–“À l’Assemblée nationale, j’ai voté POUR la proposition de loi instaurant une présomption de légitime défense en faveur de nos forces de l’ordre. Une mesure que le Rassemblement National défend depuis de nombreuses années. Chaque jour, nos policiers et nos gendarmes interviennent dans des situations où une décision doit être prise en quelques secondes, parfois au péril de leur vie. Face à un véhicule qui fonce sur eux, un individu armé ou une menace imminente, l’hésitation peut être fatale. Pourtant, lorsqu’ils font usage de leur arme dans le strict cadre de leurs missions, ils peuvent rester pendant des années sous le poids d’une procédure judiciaire, alors même qu’ils seront parfois reconnus innocents au terme de l’enquête”. (Michèle Martinez, députée de la IVe circonscription des P-O)
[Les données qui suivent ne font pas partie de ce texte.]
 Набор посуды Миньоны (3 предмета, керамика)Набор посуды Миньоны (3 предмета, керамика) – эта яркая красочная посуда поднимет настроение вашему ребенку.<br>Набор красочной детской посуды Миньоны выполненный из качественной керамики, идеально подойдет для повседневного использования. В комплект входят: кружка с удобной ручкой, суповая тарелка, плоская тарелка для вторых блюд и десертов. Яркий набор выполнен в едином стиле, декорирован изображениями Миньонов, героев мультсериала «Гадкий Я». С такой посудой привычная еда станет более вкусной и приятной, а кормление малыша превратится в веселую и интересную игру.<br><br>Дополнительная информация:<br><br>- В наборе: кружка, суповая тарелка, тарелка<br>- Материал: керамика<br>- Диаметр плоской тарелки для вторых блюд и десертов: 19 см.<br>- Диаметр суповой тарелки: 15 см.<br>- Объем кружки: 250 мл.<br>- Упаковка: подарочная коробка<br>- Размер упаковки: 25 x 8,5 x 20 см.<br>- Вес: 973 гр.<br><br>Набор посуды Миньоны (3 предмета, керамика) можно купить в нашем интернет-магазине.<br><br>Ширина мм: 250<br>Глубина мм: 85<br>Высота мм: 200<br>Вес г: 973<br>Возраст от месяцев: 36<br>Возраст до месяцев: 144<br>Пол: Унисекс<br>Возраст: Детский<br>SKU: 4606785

Les chiffres parlent d’eux-mêmes :
-Un refus d’obtempérer est enregistré toutes les 20 minutes en France. En 2025, plus de 28 000 faits ont été recensés, soit une hausse de 11 % en un an. Plus d’un tiers de ces refus mettent directement des vies en danger.
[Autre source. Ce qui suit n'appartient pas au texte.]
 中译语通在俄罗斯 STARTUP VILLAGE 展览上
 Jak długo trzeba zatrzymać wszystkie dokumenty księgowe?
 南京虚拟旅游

-En 2025, 8 gendarmes ont perdu la vie en service et plus de 10 800 ont été blessés, dont près de 3 000 à la suite d’agressions.
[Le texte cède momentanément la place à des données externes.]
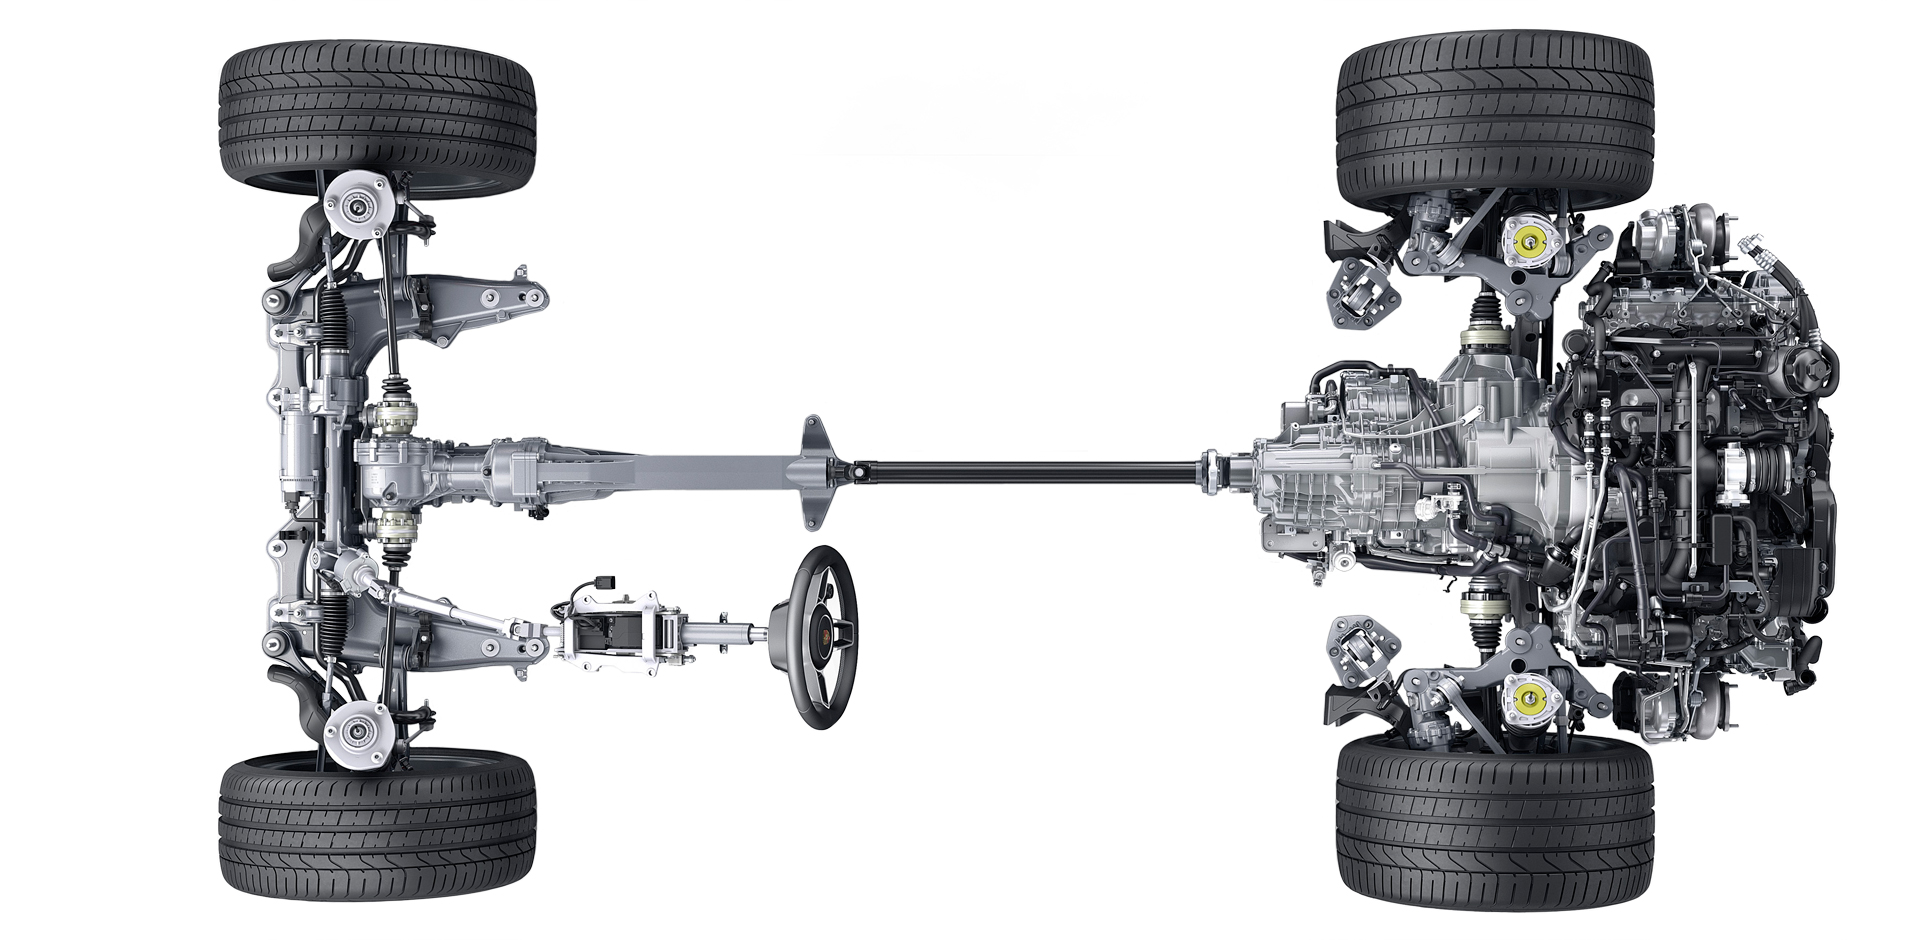 Обман законов физики и плата за совершенство: тест обновленного Porsche 911 Turbo S. Фото 11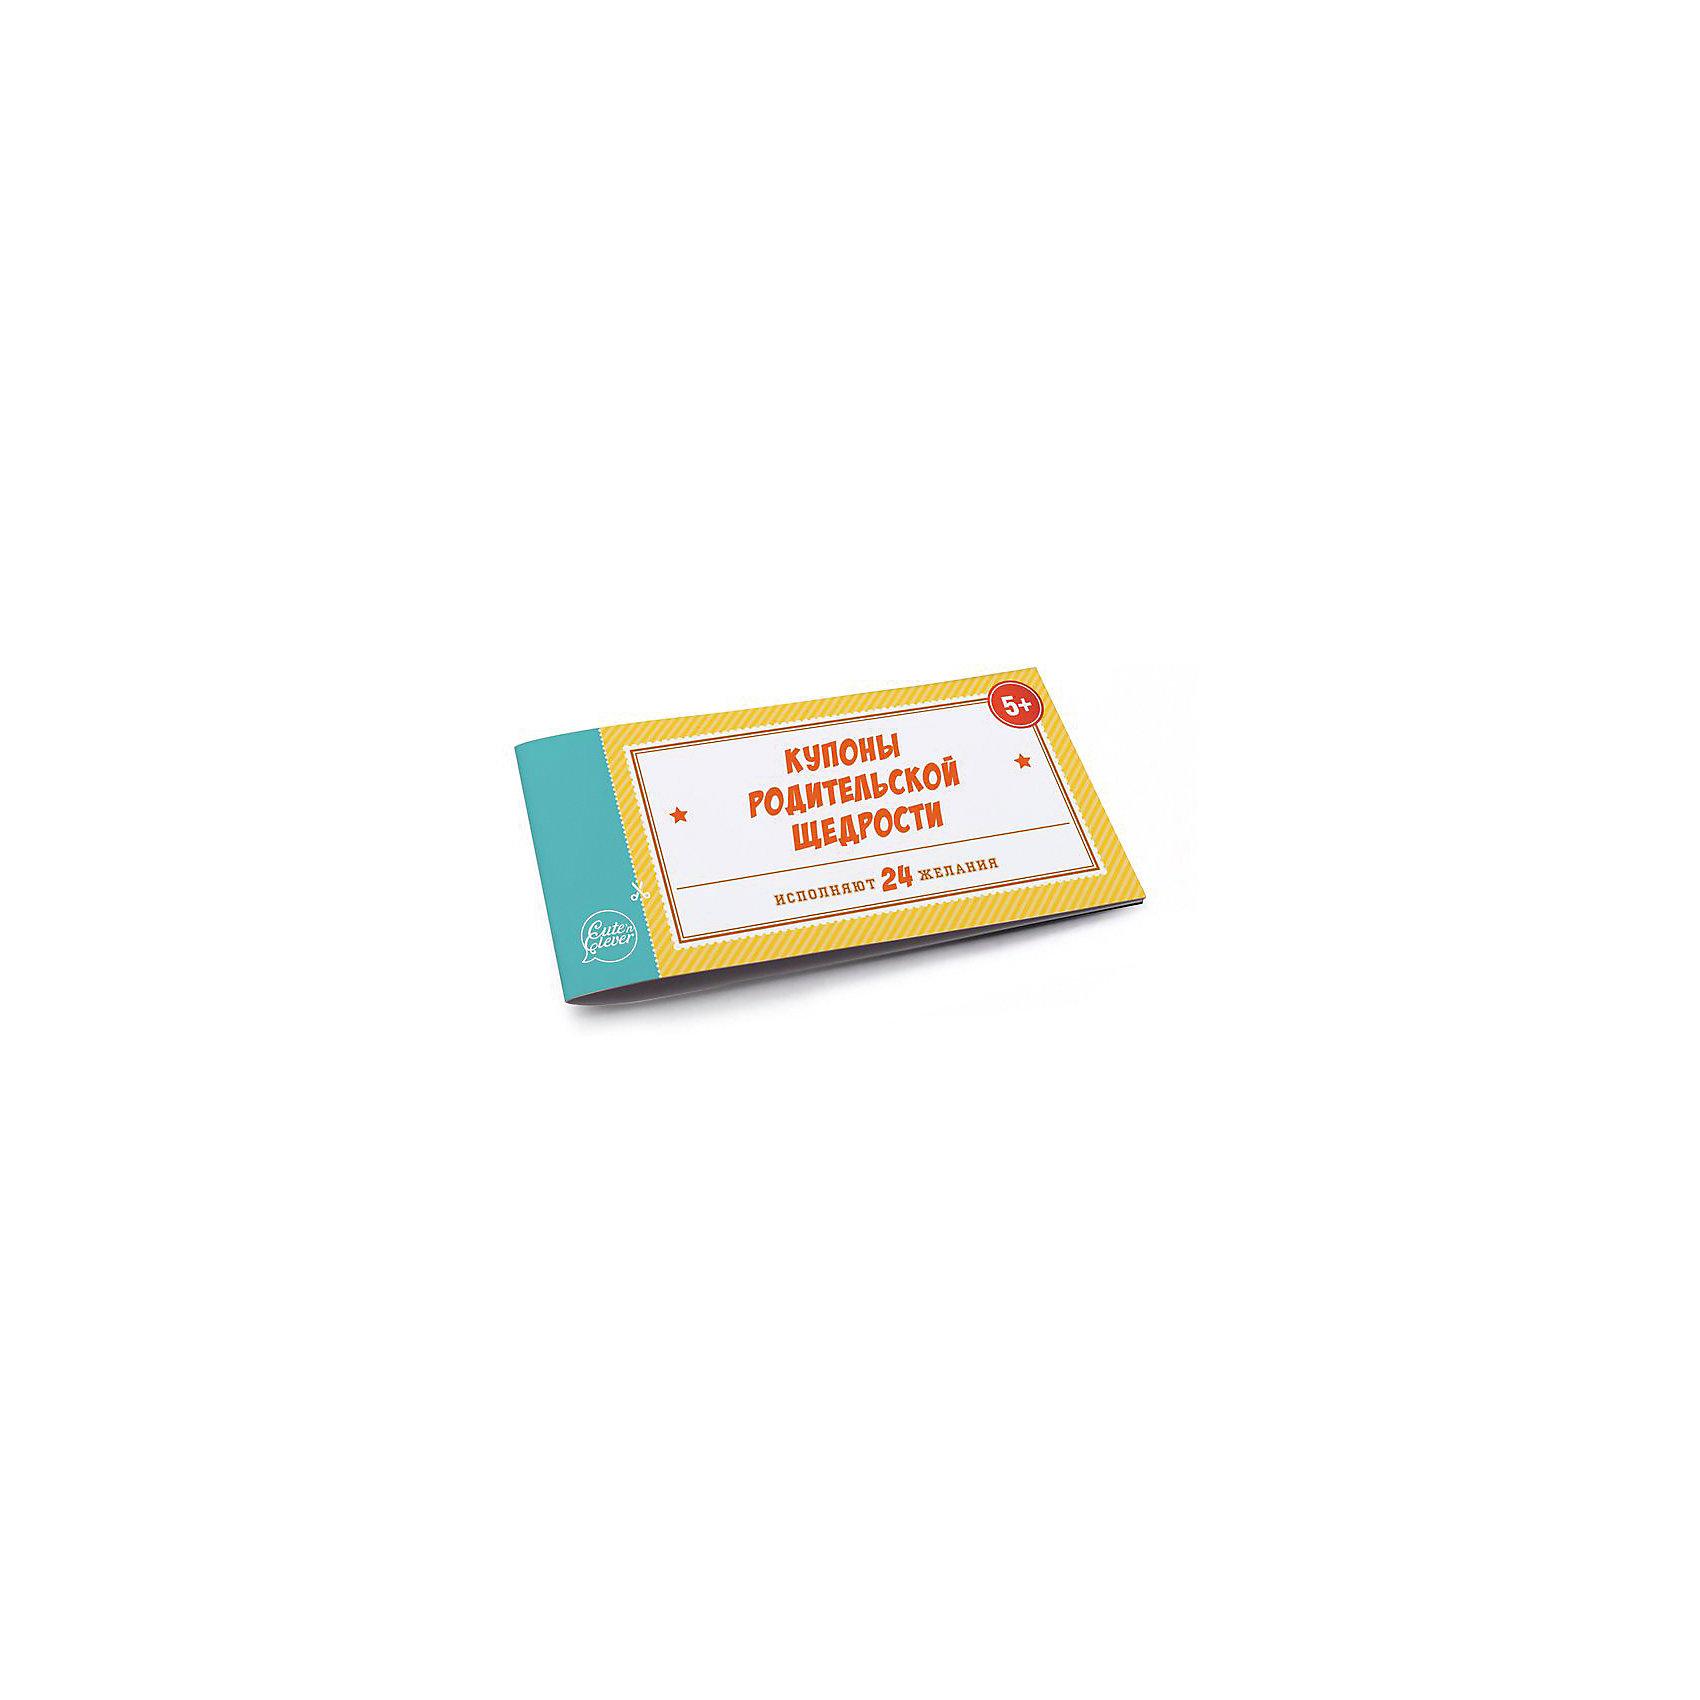 Книжка с купонами Купоны родительской щедрости, Cuten CleverДетская психология и здоровье<br>Книжка с купонами Купоны родительской щедрости, Cuten Clever.<br><br>Характеристики:<br><br>• Комплектация: книжечка, состоящая из 24 купонов<br>• Материал: бумага, картон<br>• Размер упаковки: 15х7х3 см.<br>• Вес: 100 гр.<br><br>Перед Вами лучший подарок для ребенка - книга исполнения его желаний. В книжечке - 24 купона. Заполните купоны и подарите ребенку. Каждый купон из книжки - это эмоции, события, возможности! Например, разрешение на пижамную вечеринку - это память на всю жизнь! Разрешение на десерт в любое время – это большое удовольствие! Купон на любимую игру всей семьей – это веселье и яркие эмоции! <br><br>В книге есть купон «На день ДА», в этот день ребенку могут отвечать только «Да», купон на чтение книг в вечернее время, купон на покупку и многие другие, а также пустые купоны, которые Вы заполните сами. На каждом купоне можно проставить срок действия. Книга Купоны родительской щедрости обязательно порадует ребёнка. Он сможет применить купоны в самое подходящее время!<br><br>Книжку с купонами Купоны родительской щедрости, Cuten Clever можно купить в нашем интернет-магазине.<br><br>Ширина мм: 70<br>Глубина мм: 147<br>Высота мм: 50<br>Вес г: 50<br>Возраст от месяцев: 60<br>Возраст до месяцев: 2147483647<br>Пол: Унисекс<br>Возраст: Детский<br>SKU: 5454158

“Cette réalité impose d’apporter un véritable soutien à celles et ceux qui assurent notre sécurité. Contrairement aux caricatures entretenues par certains, cette loi n’instaure aucun “permis de tuer”. Les conditions prévues par l’article L.435-1 du Code de la sécurité intérieure demeurent inchangées : l’usage de l’arme reste soumis aux principes de nécessité absolue et de stricte proportionnalité. La présomption est simple et réfragable : si l’enquête établit qu’un usage était illégal ou disproportionné, les poursuites judiciaires demeurent possibles. Ce texte apporte avant tout une meilleure protection juridique à nos policiers et gendarmes lorsqu’ils agissent dans le cadre de la loi. Nos forces de l’ordre ne demandent ni privilège, ni impunité. Elles demandent simplement que la Nation reconnaisse les risques qu’elles prennent chaque jour pour assurer notre sécurité. Ceux qui protègent nos vies méritent d’être protégés par la loi. Et il est intéressant de voir ceux qui ont voté contre au sein de cet hémicycle…” (Michèle Martinez, députée de la IVe circonscription des P-O).